The domain of a function f(x) is all values of x for which f(x) is defined.

For y = log(3) (5x^2 - 125) we should have 5x^2 - 125 > 5 for y to be defined.

5x^2 - 125 > 0

=> x^2 > 125/5

=> x^2 > 25

=> x > 5 and x < -5

**The domain of the function is (-inf , -5) U (5 , inf.)**

y= log3 ( 5x^2-125)

We need to find the domain.

The domain is all x values such that the function y is defined.
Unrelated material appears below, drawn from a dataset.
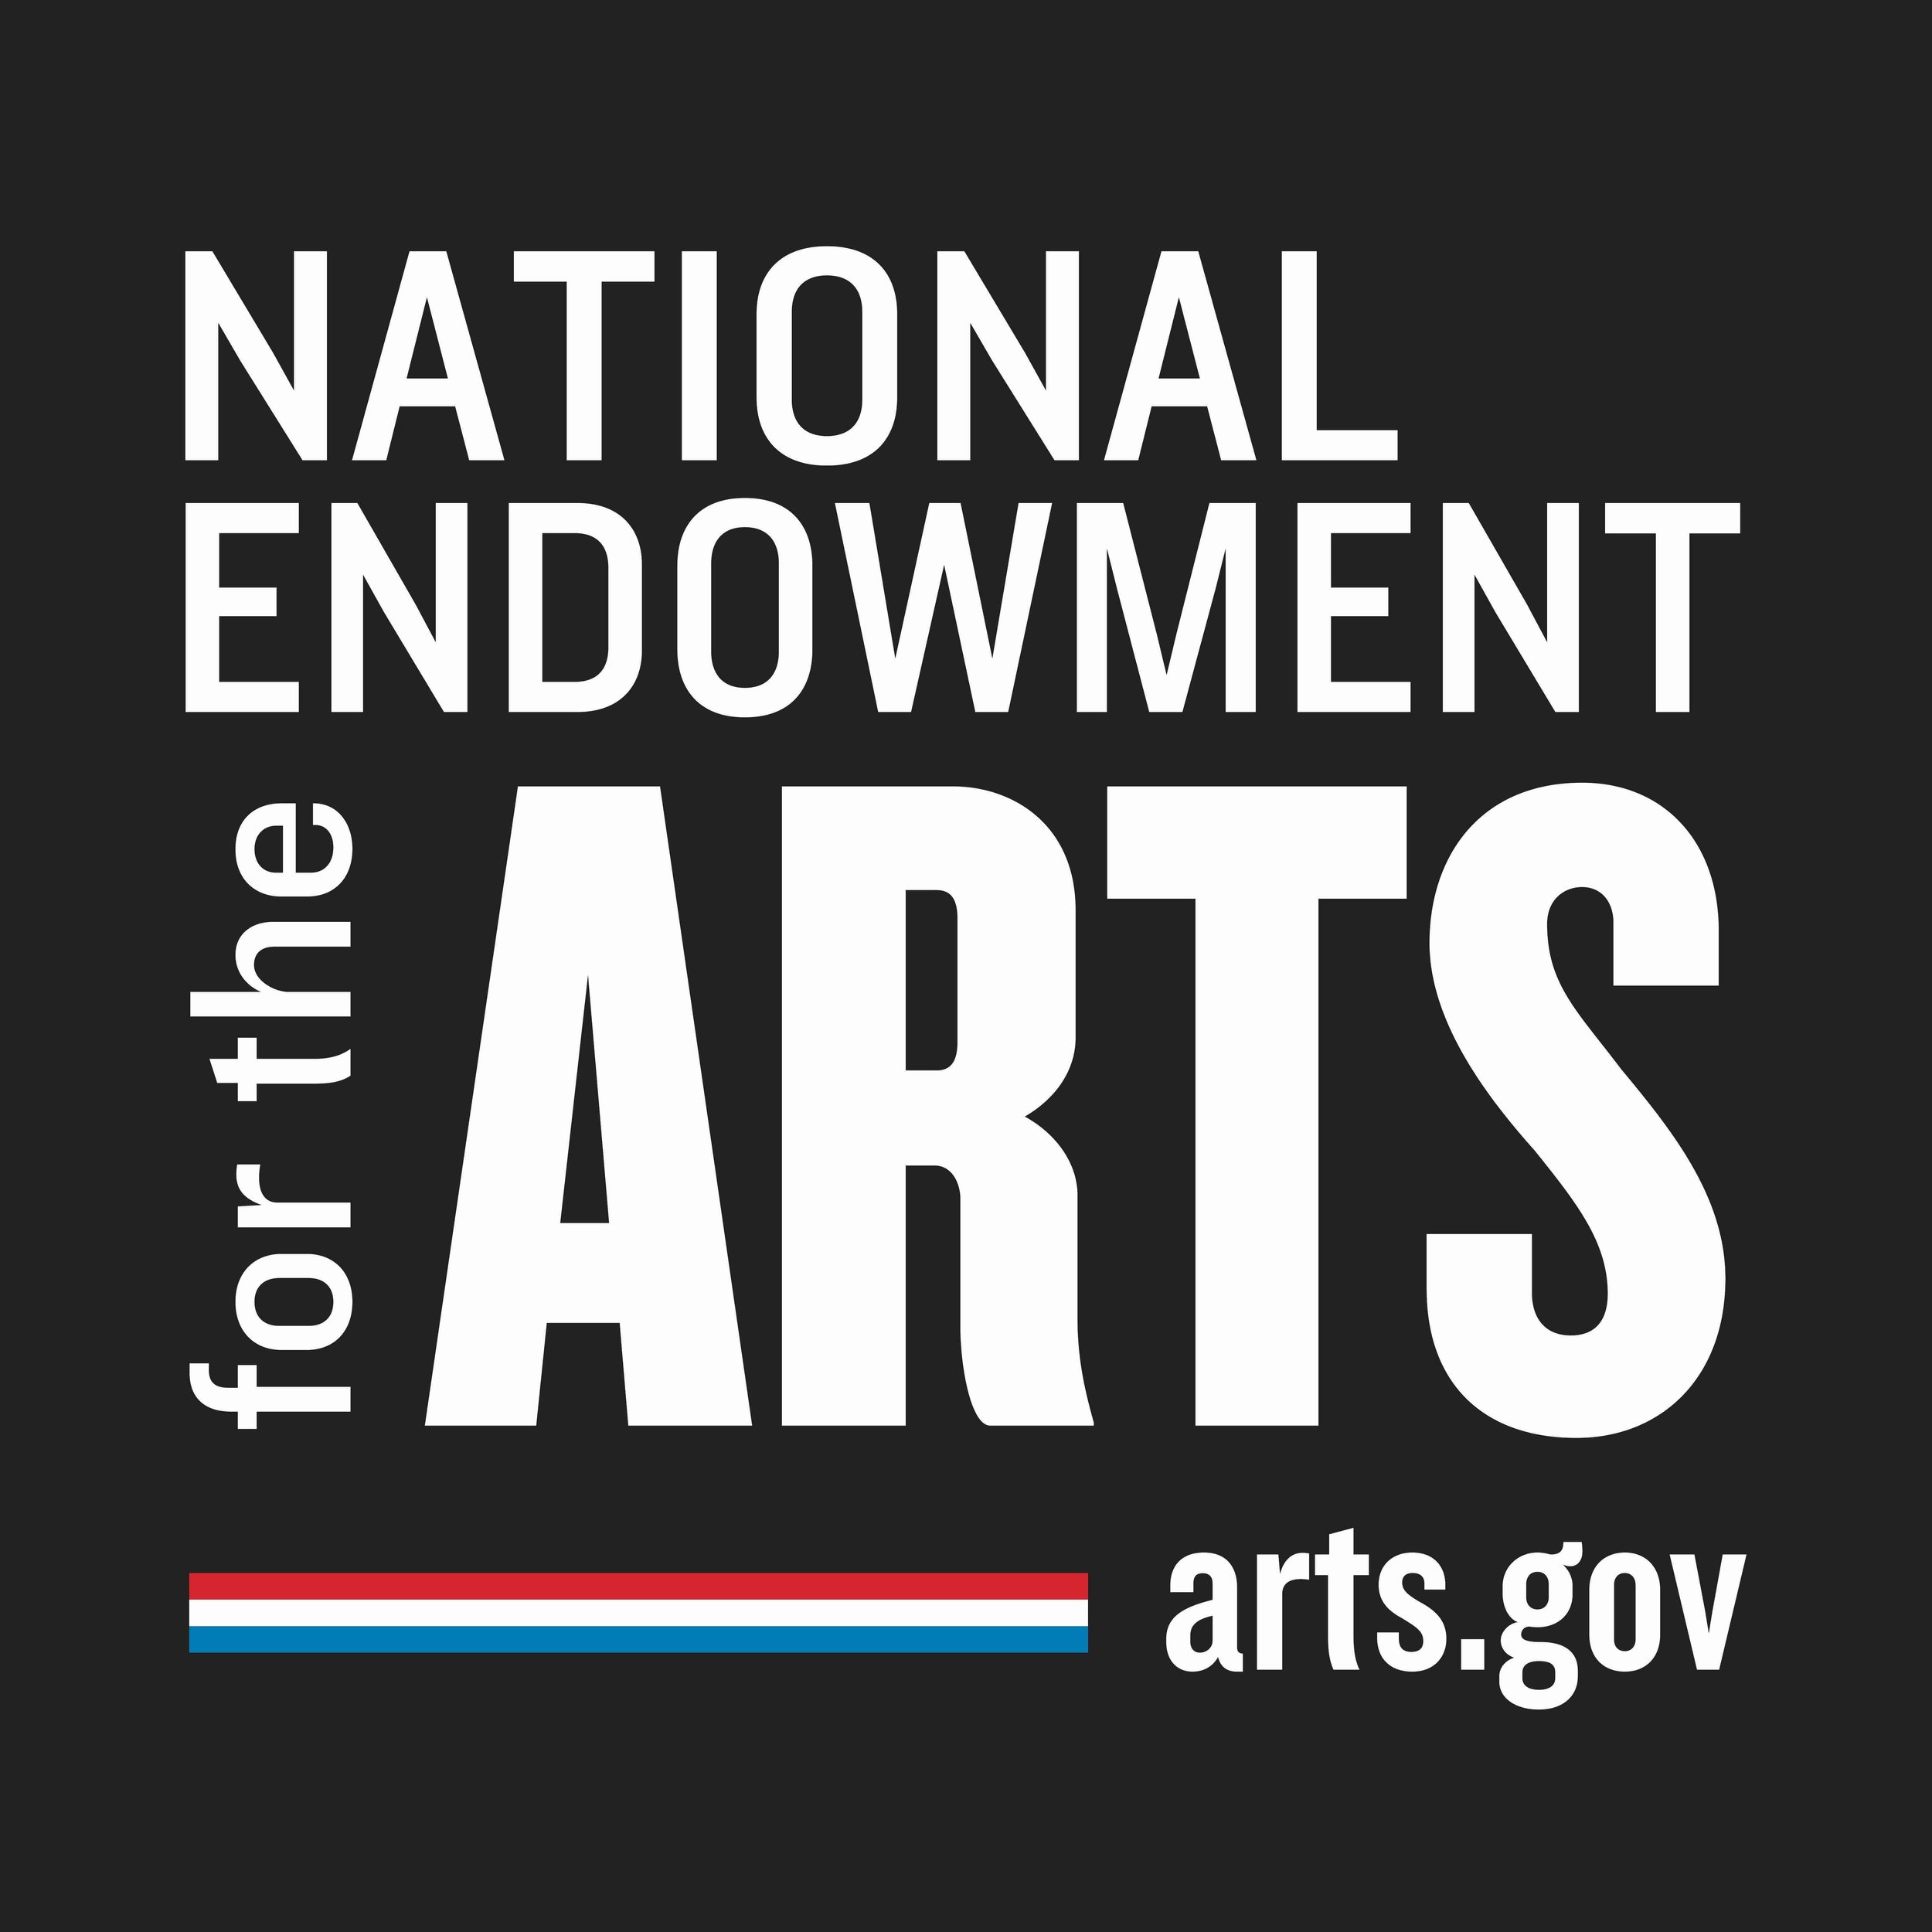 national_endowment_for_the_arts_logo small.jpg

Since the function is a logarithm, then we know that the logarithm should be greater than, zero.

==> (5x^2-125) > 0

We will add 125 to both sides.

==> 5x^2 > 125

==> x^2 > 25

==> l x l > 5

==> x > 5 and x < -5

Then the domain is :

**x = ( -inf, -5) U (5, inf)**

The domain of f(x) = `log_3 ( 5x^2-125)` has to be determined. The domain of a function f(x) is the set of values in which x lies such that the value of f(x) is real and defined.

The logarithm of 0 or a negative number is not defined.

As a result 5x^2 - 125 > 0

x^2 > 25

=> -5 < x and x > 5

The required domain is `(-oo, -5)U(5, oo)`